Figure 11A shows the dayurnal cycle variability of the 1-day resolution EPIC Composite ice-cloud altitude data with 30-day broadening for the years 2017 and 2018. This yields the close resemblance (except for the orange-to-light-blue color-coding switch between the NS America and the W. Africa longitudes) to the monthly-mean ice-cloud altitude results in Figure 11 of Carlson et al. (2022). In both cases, the NH summer season highest ice-cloud altitudes occur over the continental EurAsia longitudes (magenta), followed by East Asia (green), Central Pacific (blue), W. Africa (orange), and NS America (light-blue), being at substantially lower altitude than the rest. For the October 2017 to April 2018, the ice cloud altitudes remain basically flat at their minimum altitudes, although there is a local maximum occurring in January of 2018. During this time period there appear MJO-type oscillations at different phases, at different latitudes, thus producing some changes in the longitudinal ordering, in particular, the W. Africa longitude (orange) in early 2017 and late 2018, and also the East Asia longitude (green) during the same time periods.

Figure 11
Graphs labeled (A) and (B) show EPIC IceCloud Height data for 2017 and 2018, using daily 30-day smoothing. The y-axis represents ice cloud height in kilometers and percent relative variability. Multiple colored lines represent data from various locations, such as Iraq, St. Louis, and the Pacific. Graph (A) displays individual lines for each location, while graph (B) highlights specific locations with bold lines and additional 4-day smoothed data. Vertical dashed lines mark specific dates, with annotations indicating average heights.

Figure 11. Top panel (A): EPIC-derived daily icel-cloud cloud-top altitude for years 2017 and 2018 for 24 color-coded longitudes (30-day resolution data referenced at high-noon GMT with corresponding geographic location), grouped in 5 color-coded regions: EurAsia (magenta), East Asia (green), Central Pacific (blue), NS America (light-blue), and East Atlantic (orange). Heavy black line depicts the seasonal global-mean. X-scale lists numerical mid-month of year; data use the internal Julian-day scale. Panel bottom bar-graph shows number of EPIC images per day. Bottom panel (B): 30-day broadened longitudes for EurAsia (magenta), Central Pacific (blue), NS America (light-blue), and East Atlantic (orange) from Panel (A), but with 4-day broadened data superimposed.

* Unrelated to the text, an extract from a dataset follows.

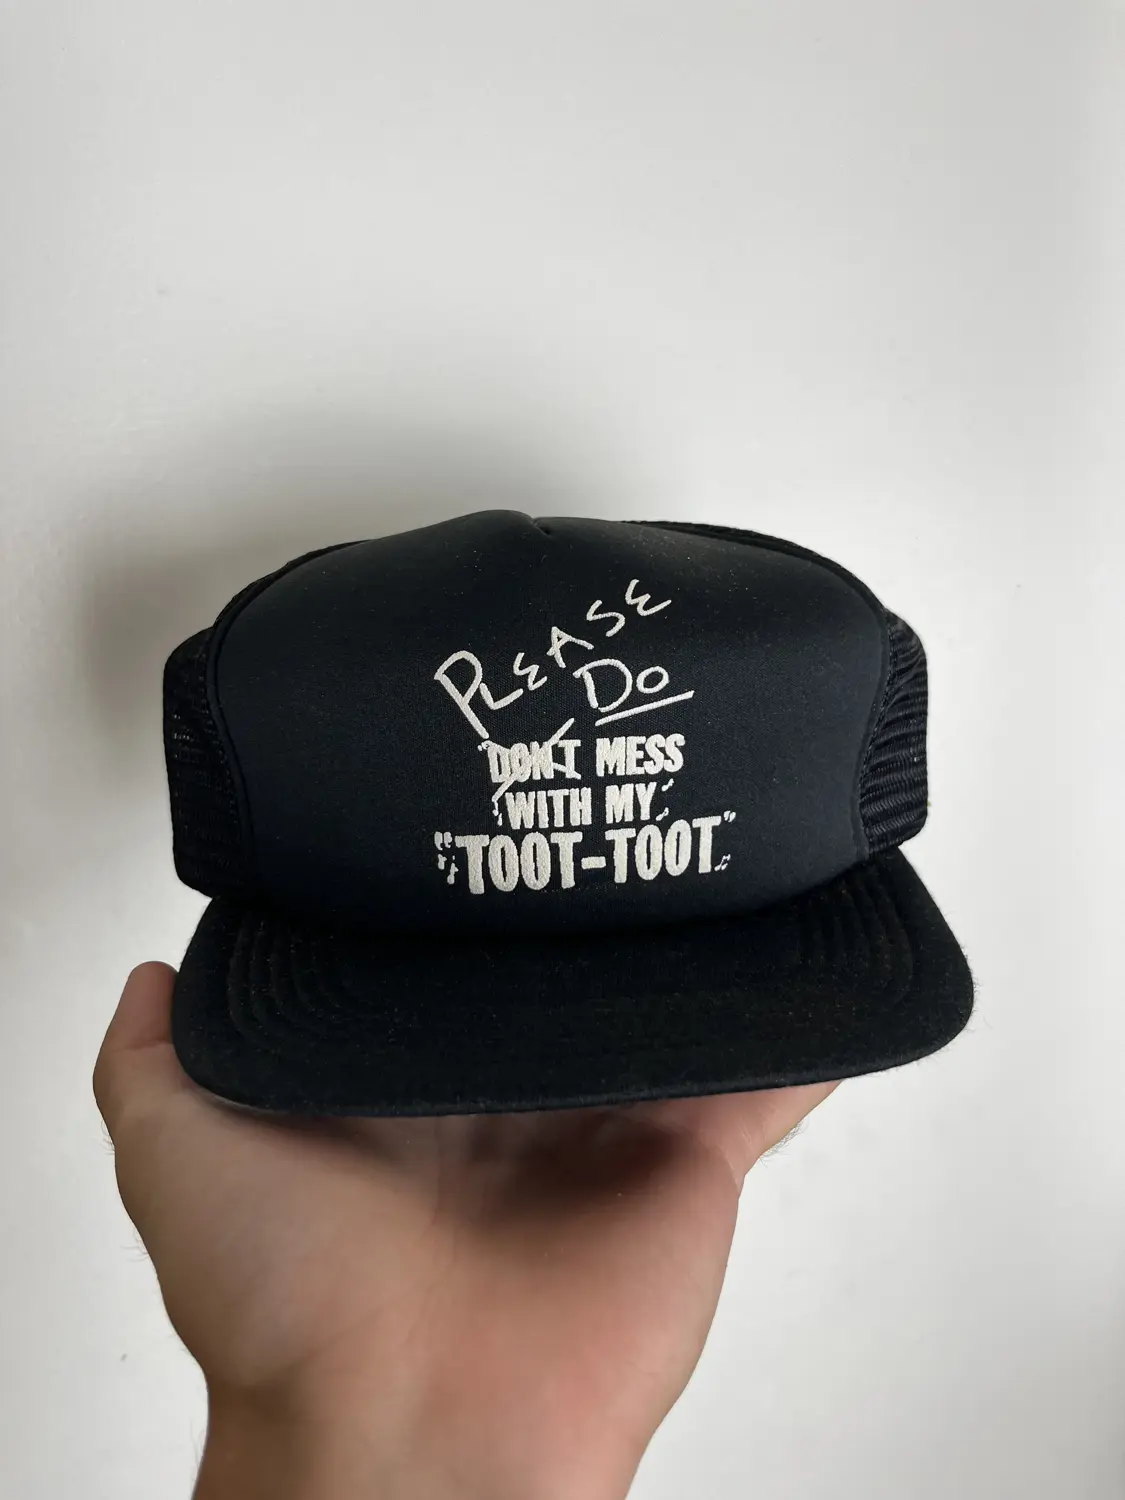 Vintage funny hat

Figure 11B shows the 1-day resolution EPIC ice-cloud altitude data with 4-day broadening for the years 2017 and 2018. The 4-day broadening has eliminated the 4-day and shorter period variability. There is a short string of what appear to be sustained 10-day oscillations along the Central Pacific longitude (blue) from November to December of 2017. Otherwise there appear to be a variety of short period fluctuations repeating in the 10- to 30-day range, also with a broad range of amplitudes. The 2020 to 2021 La Niña years, except for a slightly enhanced amplitude of the short-period variability during the winter months, are otherwise very similar in their shape to years 2017 and 2018.

5 Hovmöller maps of global variability

Of the different ways to display 2-parameter space/time-data variability, the foregoing line plots provide a quantitative assessment of data variability in terms of the amplitude, frequency, spacing, or duration of the variability. The Hovmöller (1949) format, on the other hand, is designed to emphasize space/time patterns of the data variability in a contour format, where the Y-scale has the data time dependence increasing upward, with the X-scale depicting the longitudinal spatial dependence of the data variability. The EPIC input data to the Hovmöller format contour plots is identical to what was used in the foregoing line plots.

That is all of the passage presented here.